В этой квартире так темно, так темно, кажется, что темнота — это та форма, которую принимает холод. Я прошлась по всей квартире, зажигая везде свет, темнота отступила во внешний мир, за окна, ее холодные формы пытаются, давя на стекла, проникнуть снова внутрь. Но когда я включила свет в своей большой комнате, я поняла, что это было ошибкой, свет ей чужд, поэтому я позволила вернуться темноте, обуздываемой двумя парафиновыми обогревателями и сполохами газового камина. Я прилегла и стала думать о маленьком земном шаре, одна половинка — в холодной темноте, крутящемся на бескрайних просторах темноты.
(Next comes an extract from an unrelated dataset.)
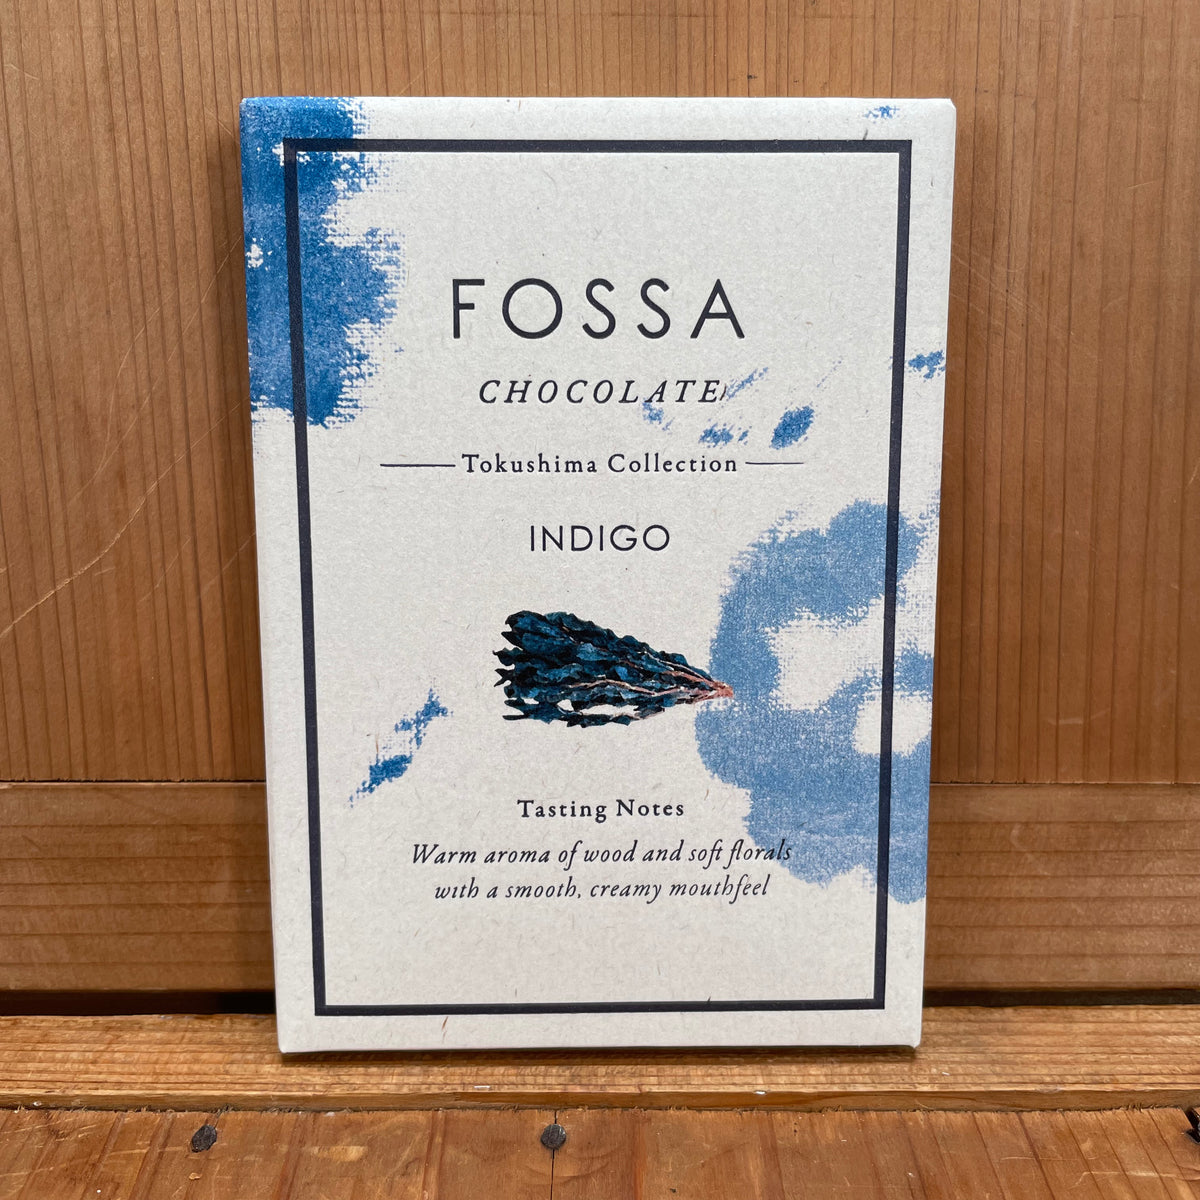 Fossa Tokushima Collection Indigo White Chocolate - 50g

Вскоре пришел Савл и лег рядом со мной.

— Это необыкновенная комната, — сказал он, — она — как целый мир.

Он подложил руку мне под шею, я чувствовала ее силу и тепло, мы стали заниматься с ним любовью. Потом он спал, а когда он проснулся, он был теплым, его не заполнял смертельный холод, который так меня пугает. Он заметил:

— Что же, вот теперь, пожалуй, я смогу и поработать.

Эгоизм этой фразы был настолько откровенным, каким бывает и мой эгоизм, когда мне что-нибудь очень нужно, что я начала смеяться. Он тоже засмеялся, мы не могли остановиться. Мы, хохоча, катались по кровати, потом свалились на пол. Потом он вскочил на ноги, сказав с чопорным английским выговором:

— Так дело не пойдет, так дело точно не пойдет. — И, продолжая хохотать, он вышел вон из комнаты.

Демоны покинули мой дом. Вот что я подумала, сидя на кровати, обнаженная, обогреваемая теплом трех огней. Демоны. Как будто страх, ужас и тревога были не во мне, не в Савле, а были внешней силой, которая сама решала, когда ей приходить и уходить. Я так думала, обманывая саму себя; потому что я нуждалась в этих минутах чистого счастья — я, Анна, голая сижу в кровати, груди сжаты моими обнаженными руками, которыми я опираюсь о кровать, в воздухе запахи секса и пота. Мне показалось, что теплой силы счастья моего тела хватит, чтобы отогнать прочь все страхи мира. А потом наверху снова начались шаги: он ходил, двигался, гонимый с места на место, у меня над головой, как будто бы там перестраивалось, готовясь к бою, войско. У меня свело живот. Я наблюдала, как мое счастье угасает. Мое мироощущение мгновенно изменилось, стало мне чужим. Я вдруг почувствовала, что собственное тело мне противно. Со мной такого раньше не бывало; и я даже себе сказала: «Привет, а это что-то новенькое, это что-то такое, о чем я раньше только читала в книгах». Я вспомнила, как Нельсон мне рассказывал, что иногда при виде тела своей жены он начинает ненавидеть его за его женскость; он ненавидит его за волосы в подмышках и в промежности. Иногда, он говорил мне, жена кажется ему каким-то пауком, вся она — это раскинутые в стороны, ищущие кого бы схватить руки, ноги, а в самом центре — волосатый, жадно все пожирающий рот. Я сидела в кровати и смотрела на свои тонкие белые ноги, на свои тонкие белые руки, на свои груди. Мой влажный клейкий центр был мне отвратителен, а когда я посмотрела на свою грудь, я сразу вспомнила, какой она была, когда ее переполняло молоко, и эта мысль оказалась вовсе не приятной, а совершенно тошнотворной. От этого чувства отчуждения от собственного тела у меня поплыла голова, сознание плыло, пока я не начала в отчаянии кидать якорь мысли в надежде за что-то уцепиться, и уцепилась я за то, что проживаемое мною — это вовсе не мои мысли. Я проживала в своем воображении, и это происходило со мной впервые в жизни, чувства гомосексуалиста. Впервые гомосексуальная литература отвращения показалась мне осмысленной, понятной. Я осознала, как много гомосексуальных ощущений, чувств витает в воздухе, свободно и повсюду, и даже в людях, которые никогда в жизни не признают, что это слово имеет к ним отношение.